The D2RML Information Sources (D2RML‑IS) Specification

This document describes the D2RDF Information Sources (D2RML‑IS) vocabulary.

Introduction

This document describes D2RML-IS [[D2RMLISVoc]], a vocabulary for describing information sources.

D2RML-IS descriptions are written in Turtle syntax [[TURTLE]].

Document Conventions

In this document, examples assume the following namespace prefix bindings unless otherwise stated:

Table 1: Namespaces used by this document.
Namespace prefix Namespace URI
cenc http://islab.ntua.gr/ns/cenc#
cnt http://www.w3.org/2011/content#
dris http://islab.ntua.gr/ns/d2rml-is#
drop http://islab.ntua.gr/ns/d2rml-op#
ff http://islab.ntua.gr/ns/file-formats#
formats https://www.w3.org/ns/formats/
http http://www.w3.org/2011/http#
rdf http://www.w3.org/1999/02/22-rdf-syntax-ns#

Overview of D2RML-IS

The classes defined by d2rml-op are shown in Figure 1.

Information Sources
D2RML-IS classes.

Information Sources

In the contenxt of D2RML-IS, an information source represents a data container. The description of an information source provides the details about the exact way access to the data that reside in the data container can be achieved. Information sources eventually provide (possibly parts of) their data as data blocks. A data block may be a chunk of binary or textual data, and the information source may or may not be ignorant about the form of the data blocks it provides. The abstract class of all information sources is dris:InformationSource.

In general, the description of an information source may involve parameters; any such parameters are instances of drop:Parameter and are declared using the drop:parameter property. Any parameters should be named parameters and they may appear using their name in values of properties of type xsd:string within braces, i.e. as {parameter-name} where parameter-name is the value of the drop:name property of the parameter.

Information sources are divided in two main classes: data sources and service sources.

Data Sources

A data source is an information source which represents one or more data blocks, typically a single data block in a particular a file, that are obtained every time they are requested from the data source. A specific data source is a subclass of dris:DataSource, which is the abstract class of all data sources.

An instance of a data source should contain the necessary information for interpreting the data blocks it provides. If the file format of the data block is important and cannot be determined correctly from a file extension, it may be specified using the dris:fileFormat property; appropriate values for this property include e.g. those defined in the file formats and FF vocabularies.
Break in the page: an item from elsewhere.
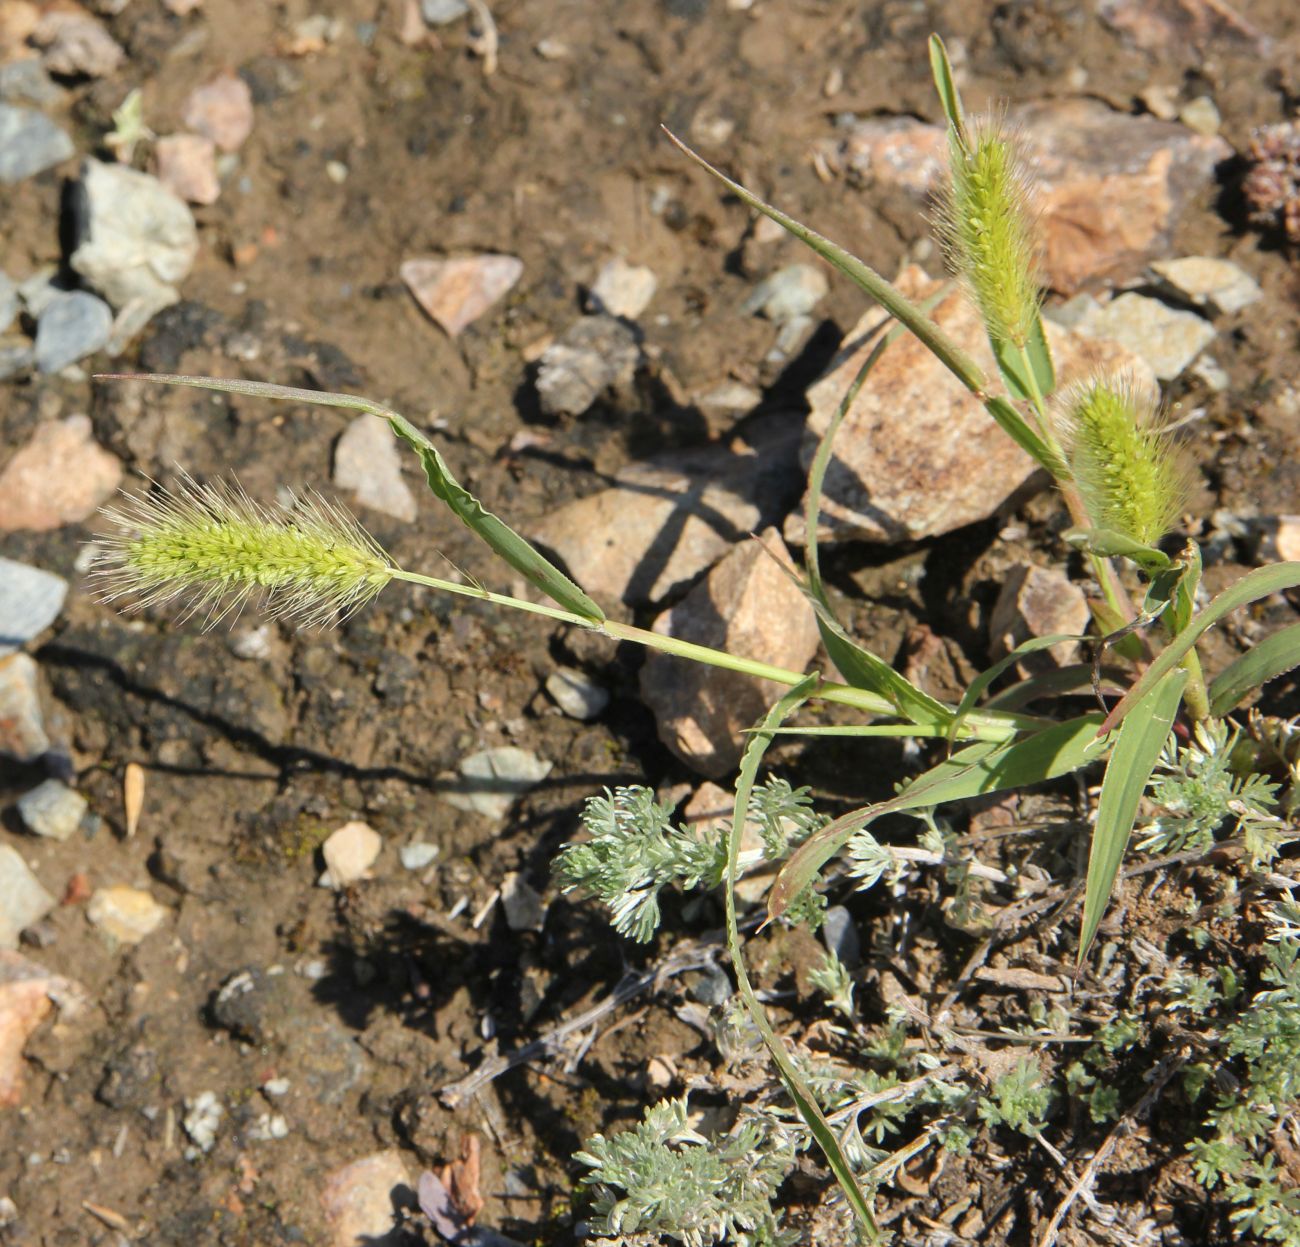 Image of genus Setaria specimen.

The character encoding of a textual data block may be specified using a dris:characterEncoding property; appropriate values for this property include e.g. those defined in the CENC vocabulary. If access to the data block is secured by a password, the password may be specified by a dris:fileCredentials property.

The current version of D2RML-IS defines two data sources: file sources, which represent local files, and HTTP sources, which represent remote files or data obtained though an HTTP request.

File Sources

A file source represents one or more files in an assumed local file system. Is is an instance of dris:FileSource. The physical location of the file is a path and is specified using a dris:path property. More that one paths may be provided, in which case the file source represents the set of data blocks corresponding to the individual files, rather than a singe data block. If the ordering of data blocks is important, they should be provided using the dris:paths property. The path values may be a uri in the file scheme, or a string. Strings allow for parametric paths.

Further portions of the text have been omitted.